Difference between steel and aluminium
Steel vs aluminium:
Steel and aluminium are materials that we see almost every day, almost everywhere. Unless one is well versed in the language of metals and their usage, he probably won’t think much about the difference between steel and aluminium. Simply looking at them might not tell much because they can also be quite similar in appearance depending on how they were polished. As a matter of fact, the first thing that pops into a person’s head when faced with this question is ‘Is there any difference at all?’ Yet, there do exist certain very distinctive differences between these two metals. Thereby, this paper aims at providing those who are blind to these differences, with a more comprehensive knowledge along with a short account of their differences.
What is steel?
Steel is the most common metal alloy in the world. In its simplest form, it consists of iron and varying amounts of carbon. Iron is the major component of steel, with carbon being a distant second, at between 0.2 per cent and 2.1 per cent by weight, depending on the grade. Other alloying elements sometimes used are manganese, chromium, vanadium and tungsten. Carbon is the most cost-effective way to alloy iron, but other metals can be used to augment the carbon and to give the metal certain properties. The metal known as cast iron is actually steel that has a very high carbon content, which gives it a lower melting point and greater castability. Steel is well-known for its strength, which is given to it precisely by the alloying elements. Though steel had been produced by various inefficient methods long before the Renaissance, its use became more common after more efficient production methods were devised in the 17th century. With the invention of the Bessemer process in the mid-19th century, steel became an inexpensive mass-produced material.
What is aluminium?
Aluminium is a non-ferrous metal that is abundantly present in nature but because it is highly reactive, it usually exists combined with over 270 different minerals, mainly bauxite compound. Aluminium or aluminium is a silvery white member of the boron group of chemical elements. Its appearance can range from something silvery to those that carry a duller gray tinge to it. This depends upon the roughness of its surface. It has the symbol Al, and its atomic number is 13. It is not soluble in water under normal circumstances. It is classified in the poor metals, sharing the property of extreme malleability with metals like tin and lead. Aluminum is a low density metal that is often used because of its innate ability to resist all sorts of corrosion. It is often used in the construction of buildings, transport vehicles as well as in the aerospace industry where many structural components have aluminium and its alloys as bases. Aluminium is the third most abundant element (after oxygen and silicon), and the most abundant metal, in the Earth’s crust. It makes up about 8 per cent by weight of the Earth’s solid surface.
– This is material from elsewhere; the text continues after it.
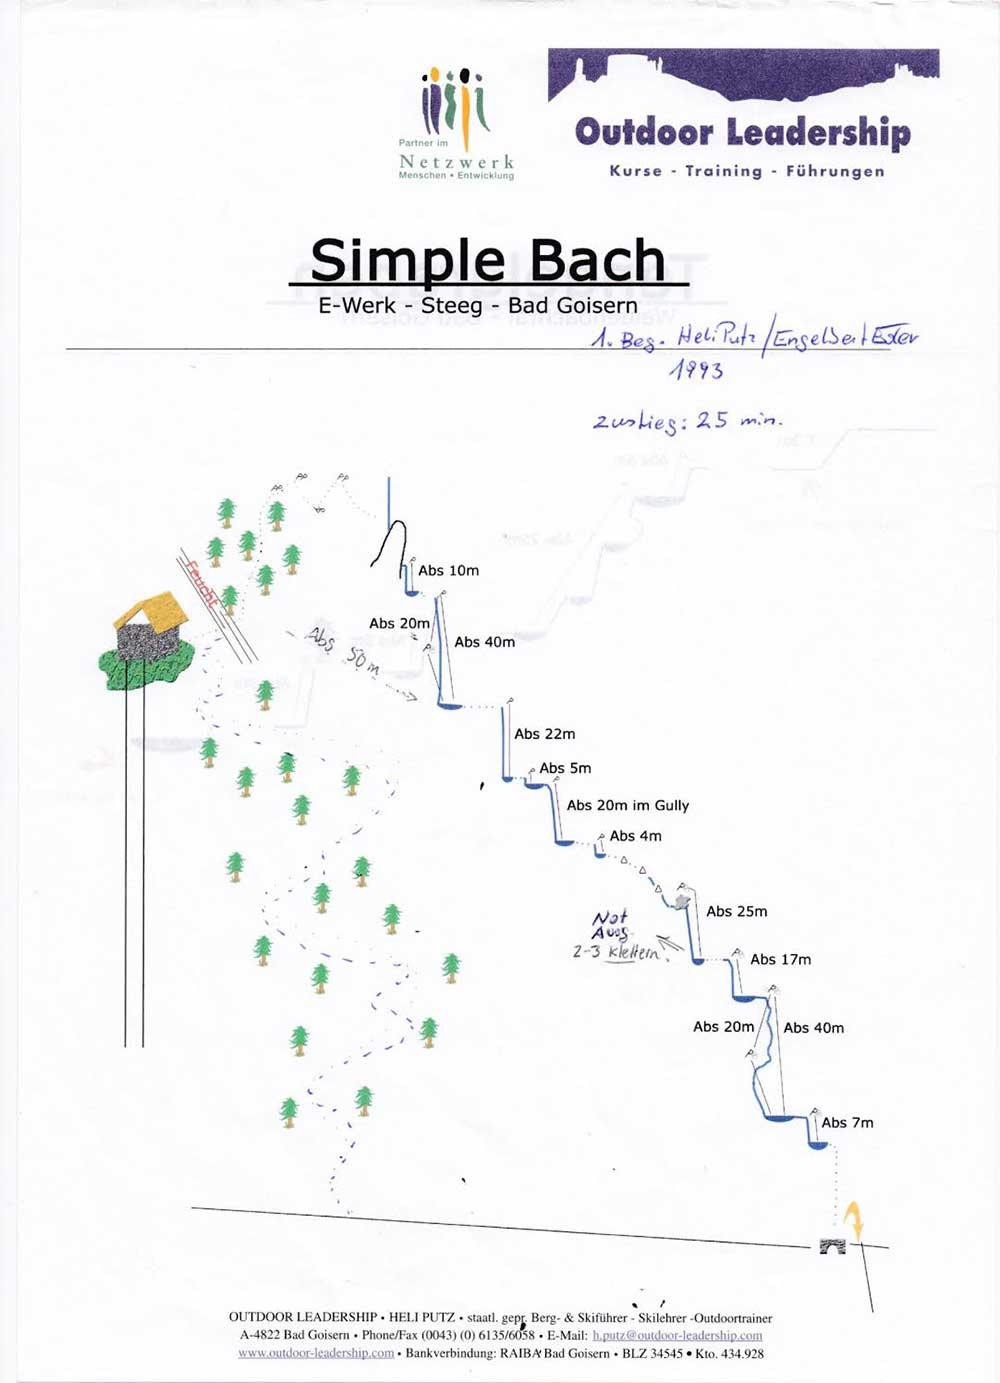 Bad Goisern - Canyoning - Simple Bach

What is the difference between aluminium and steel?
Steel and aluminium are widely used materials with a wide range of applications. Steel is an alloy, however, while aluminium is an element. Even then, aluminium is very reactive and whatever applications of aluminium we see now, it is usually mixed with other elements or compounds to prevent chemical reactions. Steel is very malleable compared to aluminium, but the latter is lightweight. In car manufacturing, aluminium is considered better because it gives a better weight/strength ratio. Even though steel and aluminium are quite famous for their industrial applications now, in the past steel was mostly used for weaponry while aluminium was used for dyeing and for the dressing of wounds. Basically, aluminium in all its various forms is not magnetic. Steel, on the other hand, is magnetic. However, there are types of it that are not. The difference lies in that particular type of steel’s microstructure.
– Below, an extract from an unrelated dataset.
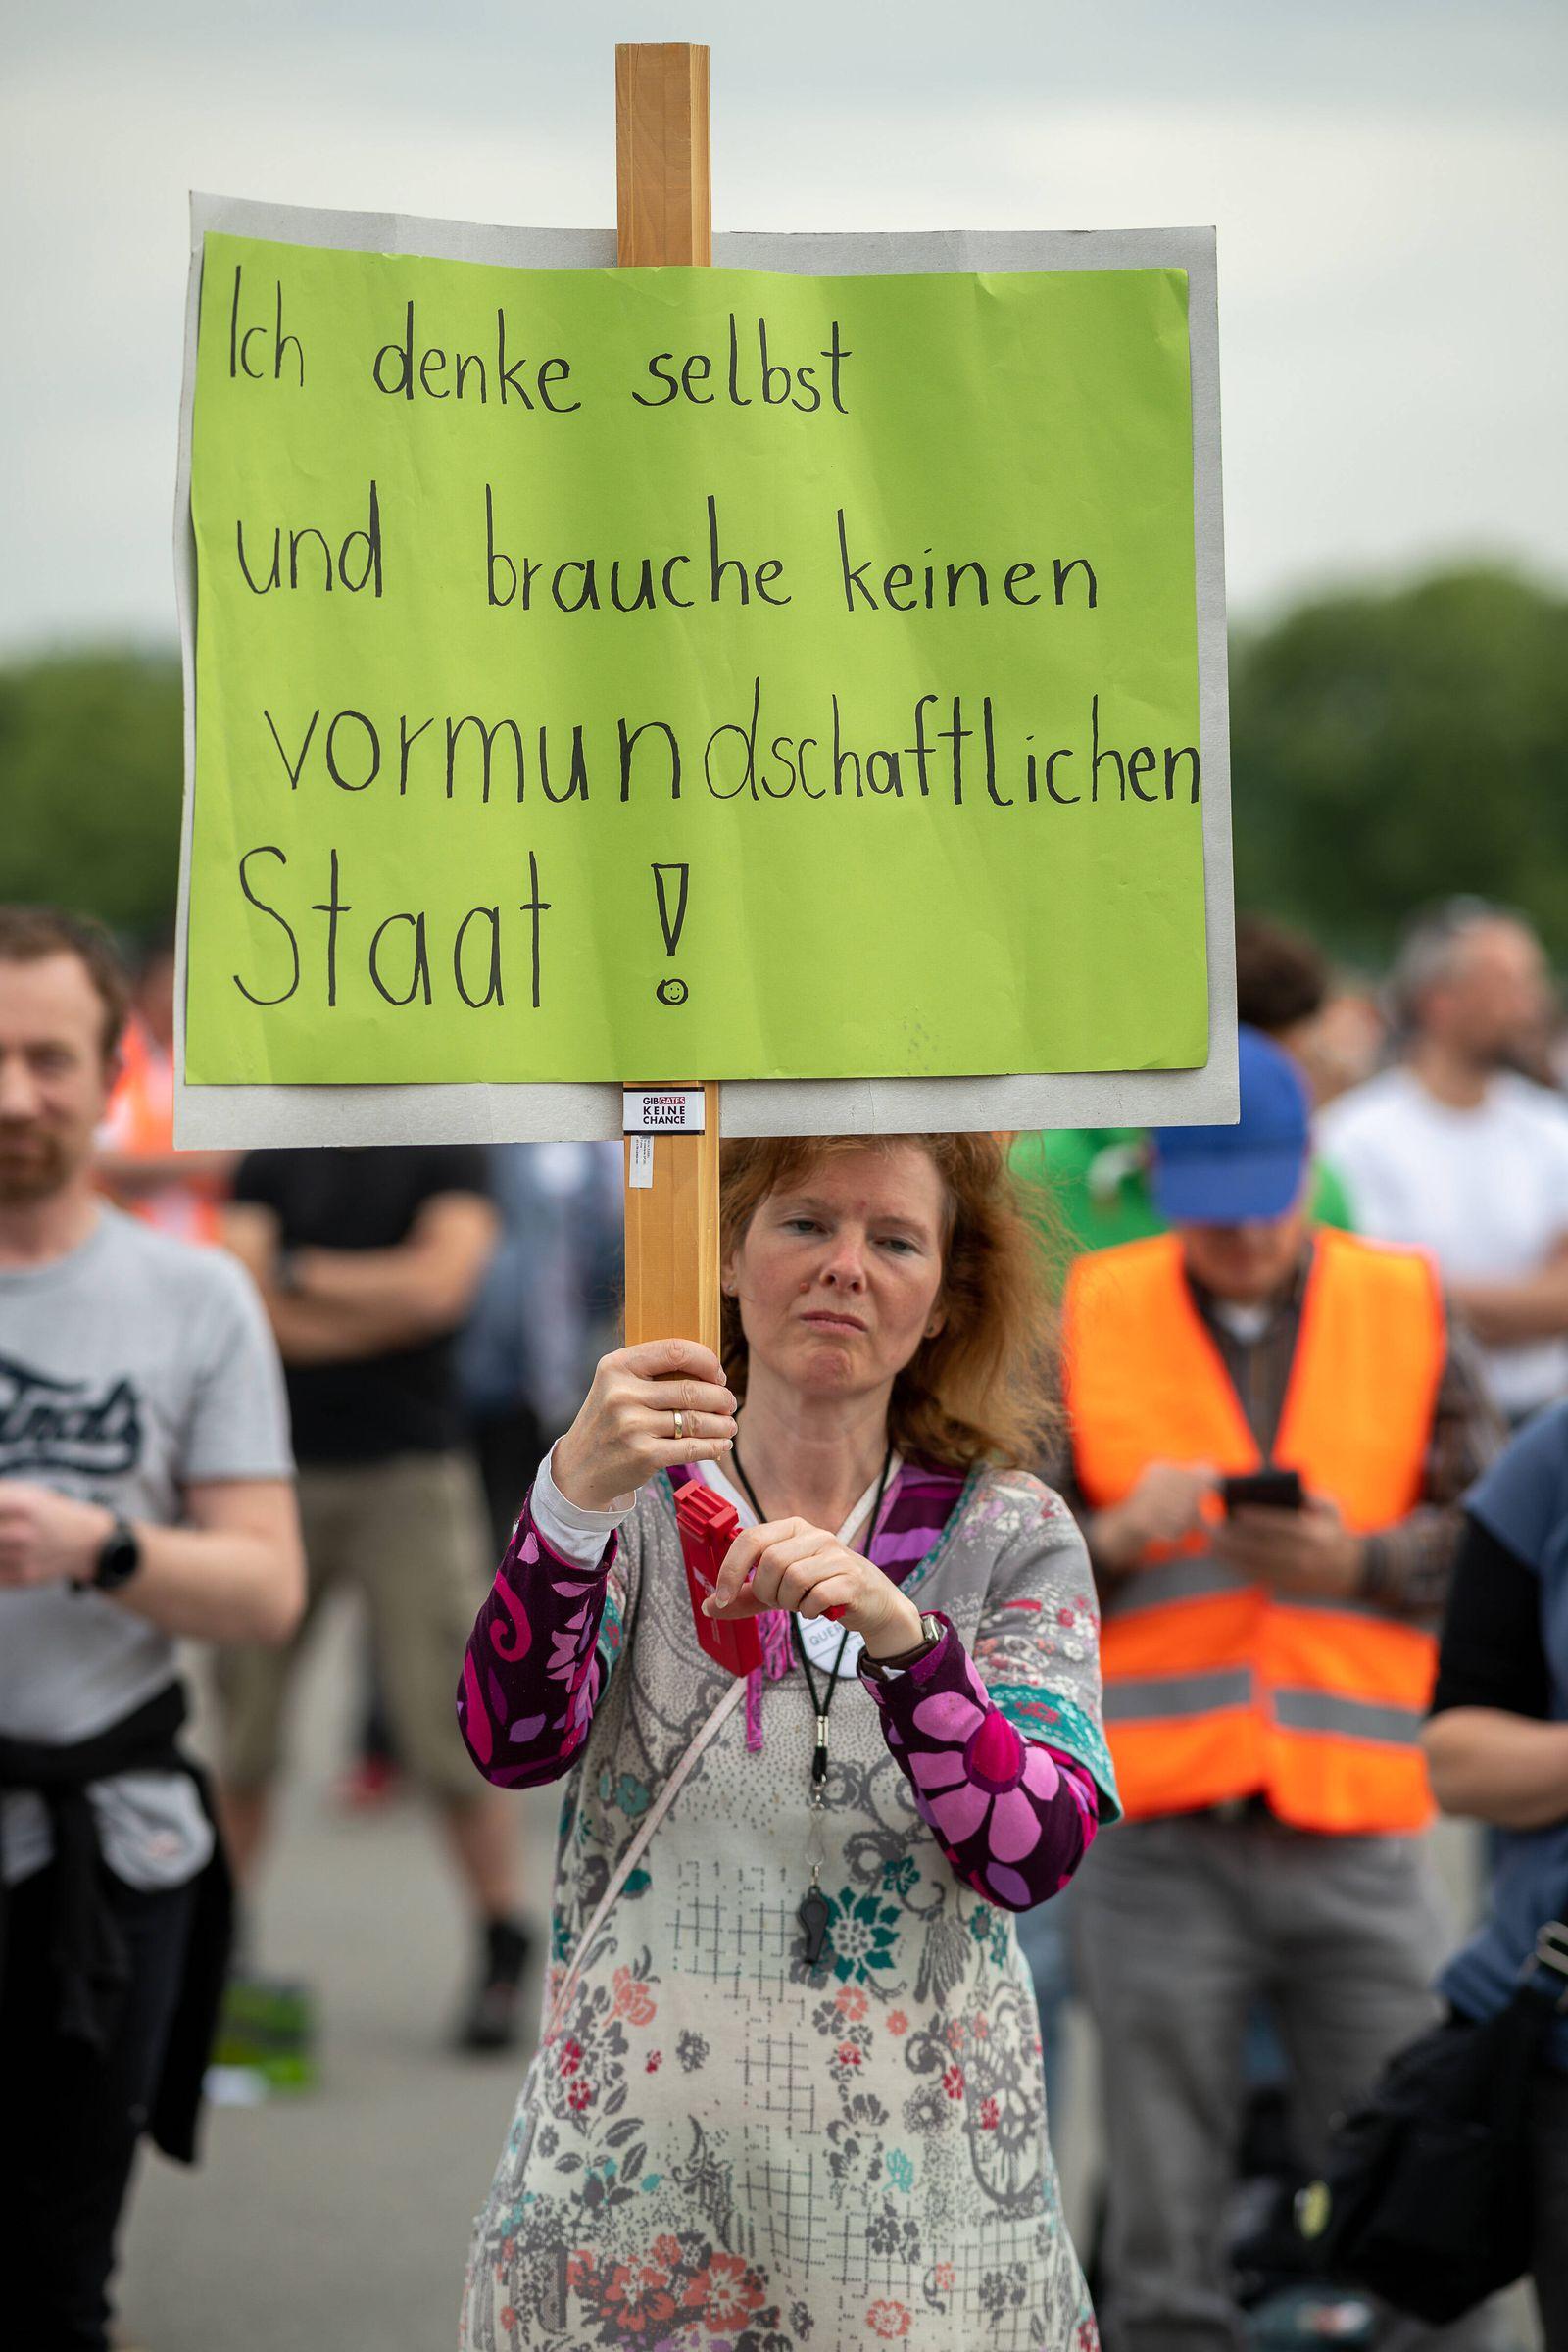 Stuttgart Querdenken, DEMO, Grundrechte DEMO, Corona-Demonstrationen, Corona-Virus, Grundrechte, 09.05.2020 ich denke se

Being a highly energy-intensive process, producing virgin aluminium generates more carbon dioxide emissions than producing virgin steel. Since their manufacturing processes are assumed to be similar, the amounts of carbon dioxide generated during the manufacturing stage differ slightly, being the direct result of using electricity to operate the machinery. In considering the total life-cycle of an automobile covering four stages (pre-manufacturing, manufacturing, use, and post-use), it is apparent that during the operational (use) stage of a vehicle, aluminium is proven to be a reliable alternative for traditional materials currently used in automotive body structures largely due to its cost effectiveness and superior performance due to light weight. With the gas price variation, the initial cost advantage of using steel in body components gained in pre-manufacturing and manufacturing stages can be overcome during the operational (use) stage of the vehicle, since the lighter alternative provides significant savings in terms of fuel consumption and consequently generation of airborne gas emissions. Also, the superior recyclability and reusability of aluminium in the post-use stage outweighs the traditional materials such as steel despite the higher cost involved in producing primary aluminium.